Cardiovascular biomarkers predict susceptibility to lung injury in World Trade Center dust-exposed firefighters
In an attempt to determine if other cardiovascular disease biomarkers predicted World Trade Center-related lung injuries, a case-cohort study utilized 801 firefighters of whom were present at the World Trade Center attack with normal lung functions prior to the tragedy and possessed no prior history of smoking. These subjects presented for subspecialty pulmonary evauation prior to March 2008. A subcohort of 124 out of the 801 firefighter subjects of which had their serum drawn within 6 months of 9/11 defined the cardiovascular disease biomarker distribution. Post-9/11 performed a forced expiratory volume test (FEV1) adjusted for World Trade Center exposure intensity, body mass index during subspecialty pulmonary evaluation, age during 9/11, and prior 9/11 FEV1. The susceptible World Trade Center lung injury cases displayed higher levels of apolipoprotein-All, C-reactive protein, and macrophage inflammatory protein-4. The resistant cases had significantly higher soluble vascular cell adhesion molecule and lower myeloperoxidase.
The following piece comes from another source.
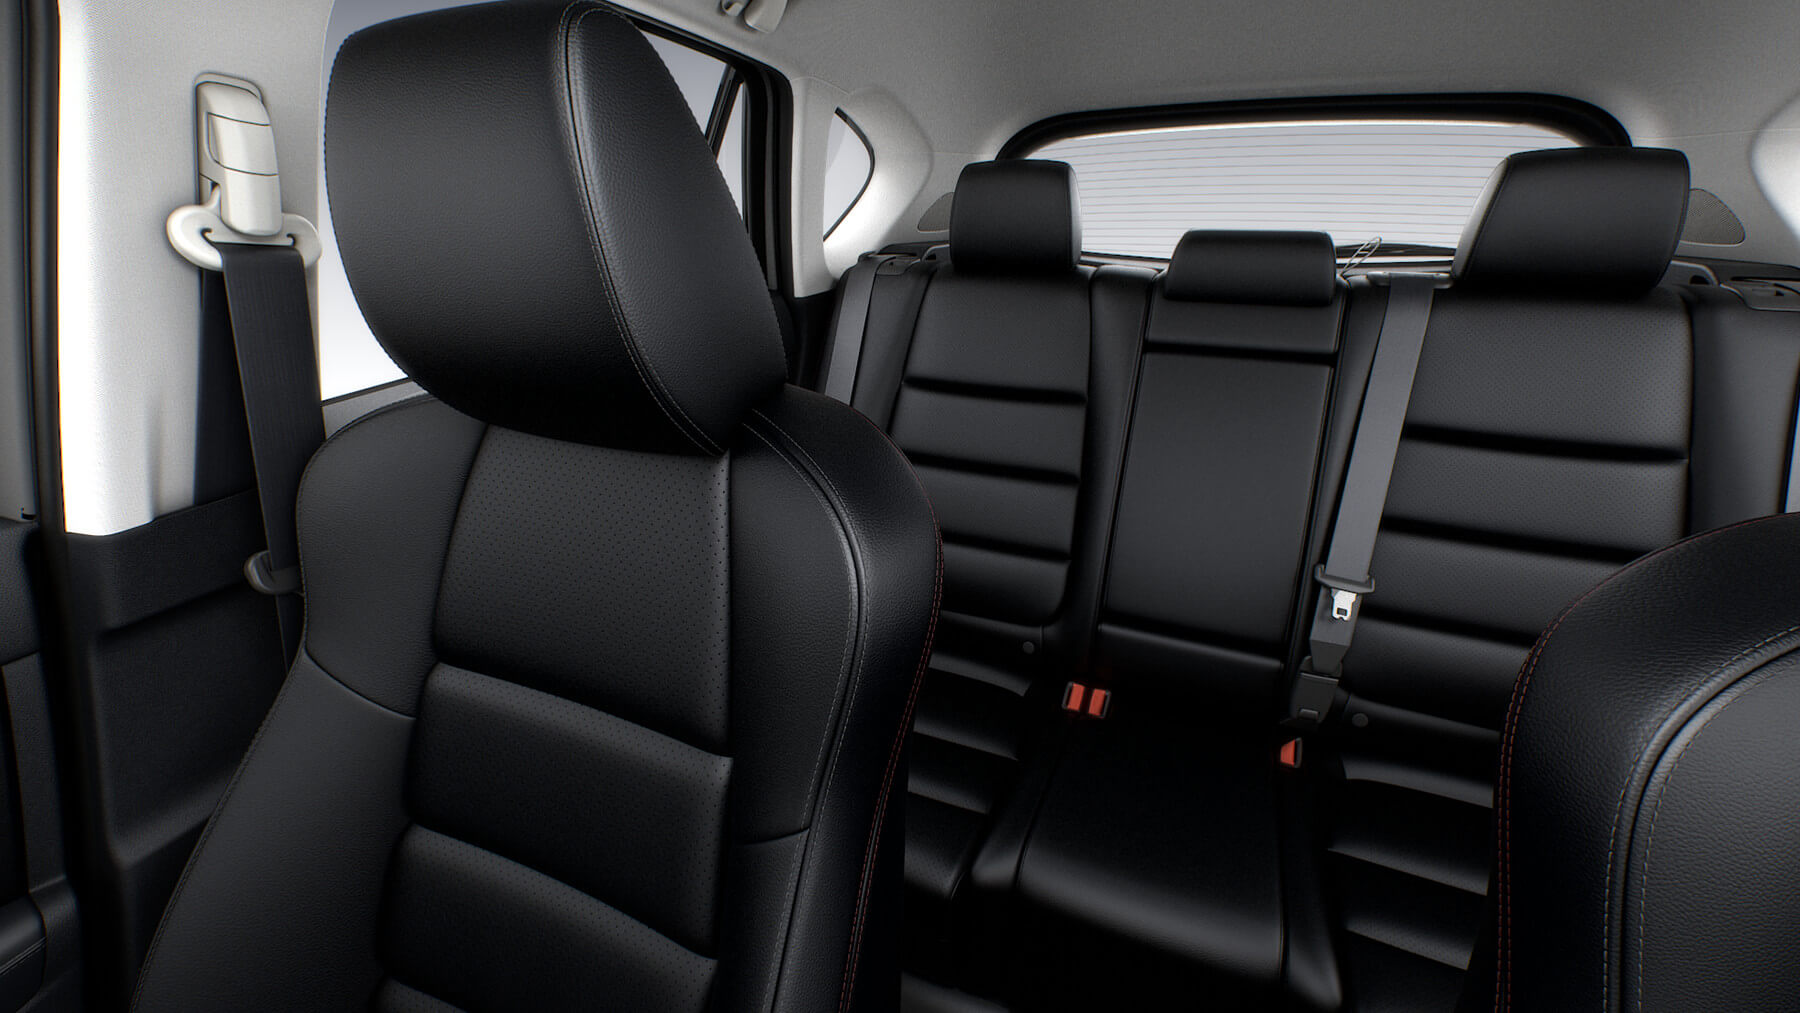 2016 Mazda CX-5 Crossover - View Pictures & Videos | Mazda USA

In serum cardiovascular disease biomarkers post-9/11 may define pathways related to pulmonary vascular disease and associated lung function loss after irritant exposure, as they predicted either susceptibility or resistance to World Trade Center lung injury related cases.
Microalbuminuria as a potential novel cardiovascular biomarker in patients with COPD
Chronic obstructive pulmonary disease patents are more likely to have pre-existing cardiovascular disease and are at a high risk of acute events, hospitalizations from the conditions, and death, with the association independent of the degree of airflow limitation. The Global Initiative for Chronic Obstructive Lung Disease recognizes this relationship but makes no recommendation as to how to routinely look for the chronic obstructive pulmonary disease-cardiovascular disease relationship. The American College of cardiology/American Heart Association categorizes microalbuminuria assessment as a reasonable biomarker in adults with hypertension or diabetes, and may be a promising biomarker in chronic obstructive pulmonary disease-related cardiovascular risk assessment. Microabluminuria presence is associated with arterial stiffness assessed by pulse wave velocity and worse cardiovascular outcomes, especially in diabetic or hypertensive patients. Along with having this association microalbuminuria has a stronger association with cardiovascular events and death than C-reactive protein, reflecting a general state of endothelial dysfunction. The presence of microalbuminuria increases in patients with chronic obstructive lung disease and, in theory, is a viable option as a biomarker.